James Lick High School teachers call for action amid violence on East San Jose campus

SAN JOSE — Mike Gatenby decided to go public because he felt he had nowhere else to go.

Two students had been hospitalized Aug. 17 after an on-campus stabbing in broad daylight, during school hours. It was the second major violent incident of the barely-begun school year.

The 25-year English teacher at James Lick High School turned on his camera and pleaded to the community. Clearly shaken, he said his letters to the board of trustees at San Jose’s East Side Union High School District had gone unanswered.

“Our community has always had its fair share of challenges but I’ve never experienced anything like the start of this school year,” Gatenby said in the video, posted to multiple social media feeds.

“Our school is in crisis,” he added.

The stabbing left one of the two students with life-threatening injuries, though both are now recovering.

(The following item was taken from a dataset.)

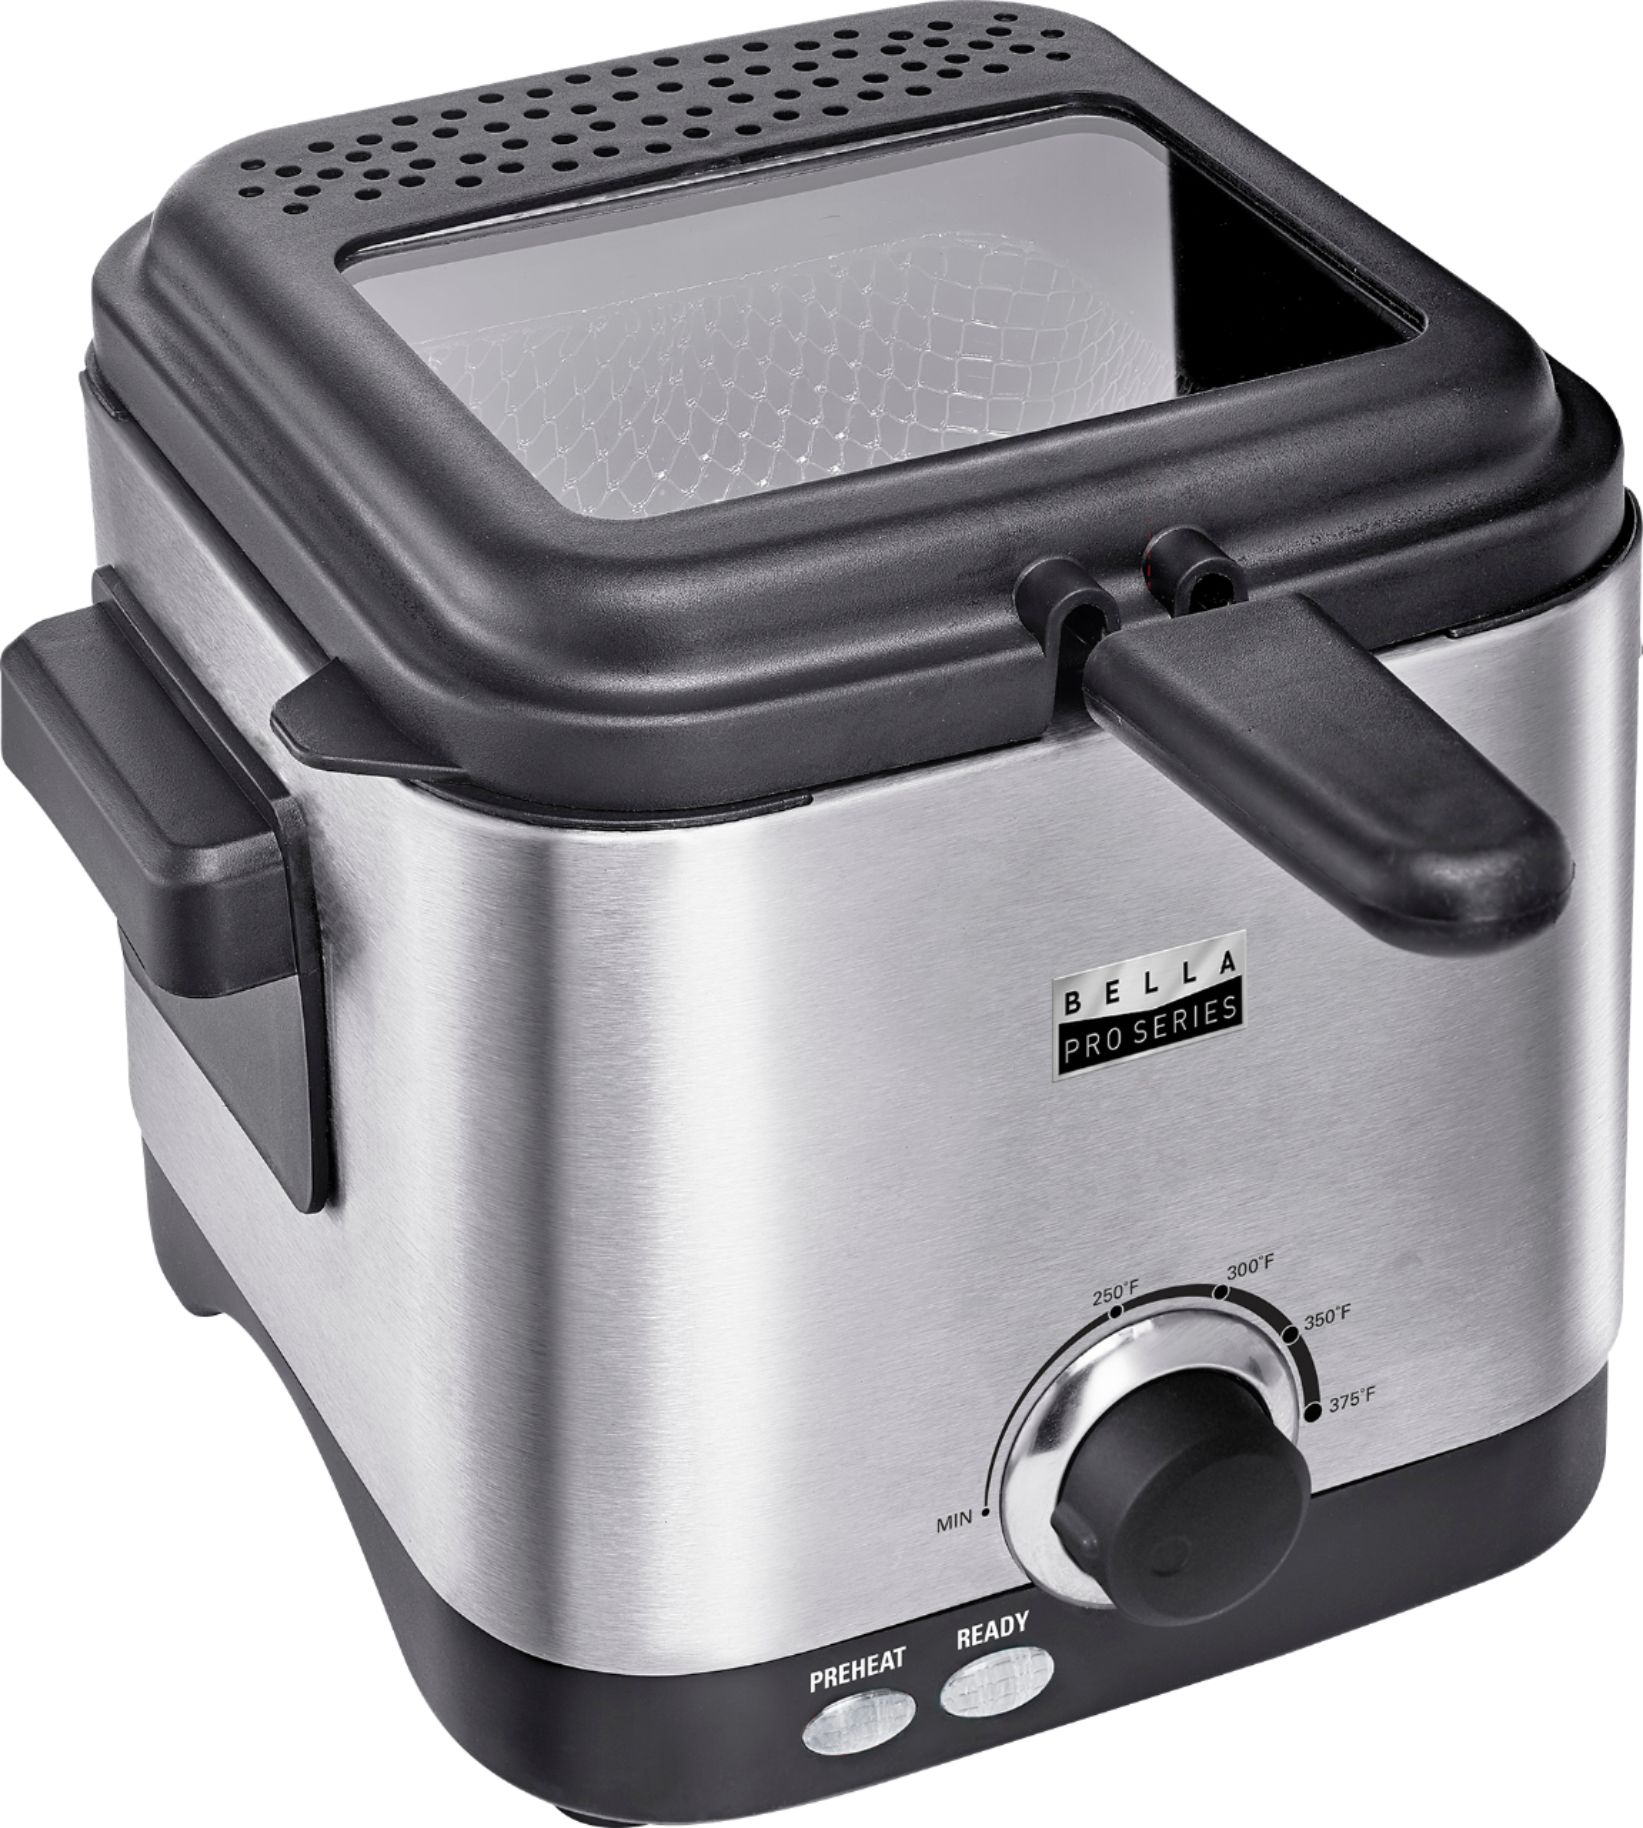 Angle View: Bella Pro Series - 1.6-qt. Deep Fryer - Stainless Steel

Police have not released any information publicly about arrests or potential suspects.

On the night of the stabbing, at an East Side Union board of trustees meeting, Board President Lorena Chavez and Superintendent Glenn Vander Zee said that the district would assess safety needs moving forward.

Less than two weeks before the stabbing, two carloads of people entered campus and assaulted a student, according to Gatenby and other teachers at the school.Two James Lick staff members who attempted to break up the incident were injured, including one person that was hospitalized.

After the stabbings, the district released a statement thanking students, staff, community and police for the response to the incident, and noted the availability of the school’s wellness center, which provides students with access to social workers for their mental health needs.

“At East Side Union High School District our first concern is always for the safety and well-being of our students, their families, and staff who were impacted by this event,” the statement reads. “We will continue to make resources available for James Lick students including our Wellness Centers and counseling.”

The violence, combined with other issues such as on-campus intoxication and the increase of “wanderers” who come to campus but skip out on class, has resulted in rapidly rising tensions and frustrations, according to some teachers at the school.

“What happened at James Lick was on the extreme end of what has been happening … with a frequency that has raised a lot of the concern about safety,” said English teacher Mark Adams, who is also the president of the campus chapter of the East Side Teachers Association.

Adams said many of the school’s issues has to do with a lack of accountability for students that choose not to participate. Teachers call them “wanderers,” or “roamers” — and when these students aren’t in class during scheduled time, there’s a distinct lack of supervision on campus while teachers and staff are busy in their classrooms or work stations.

Adams said he’s noticed an uptick in smoking and drinking on campus, sometimes resulting in intoxicated or hungover students in classrooms.

The problem of “wanderers” — which Adams noted is an extreme minority at the school of about 1,000 students — is a consequence of policy decisions, he said.

The school district, along with Alum Rock Union, terminated its contract with SJPD to fund school resource officers in June 2020, at a time when the COVID-19 pandemic meant school campus were mostly empty.

Chris Funk, who at the time was East Side Union’s superintendent, said the law enforcement data clearly indicated that having officers on campus “does not prevent” students from misbehaving and there weren’t enough campus incidents to warrant having officers on campus.

In May 2023, two school resource officers were applauded by SJPD after arresting a student armed with a loaded and unregistered “ghost gun” on the campus of Willow Glen High School of San Jose Unified School District.

Adams noted in an interview with Bay Area News Group that while many staff members were in favor of eliminating law enforcement from campuses, it was a choice that was made in a moment in which there wasn’t much room for debate.

“It wasn’t contentious because we were all fractured — we weren’t at school,” Adams said. “We didn’t have public meetings and it was a decision of the board, almost exclusively.”

Police simply being present on campus wouldn’t be an end all, be all solution to the problems at James Lick, Adams said.

“We need a comprehensive plan. There has to be preventative measures as well,” he said. “Having a police officer on the scene should be a last resort.”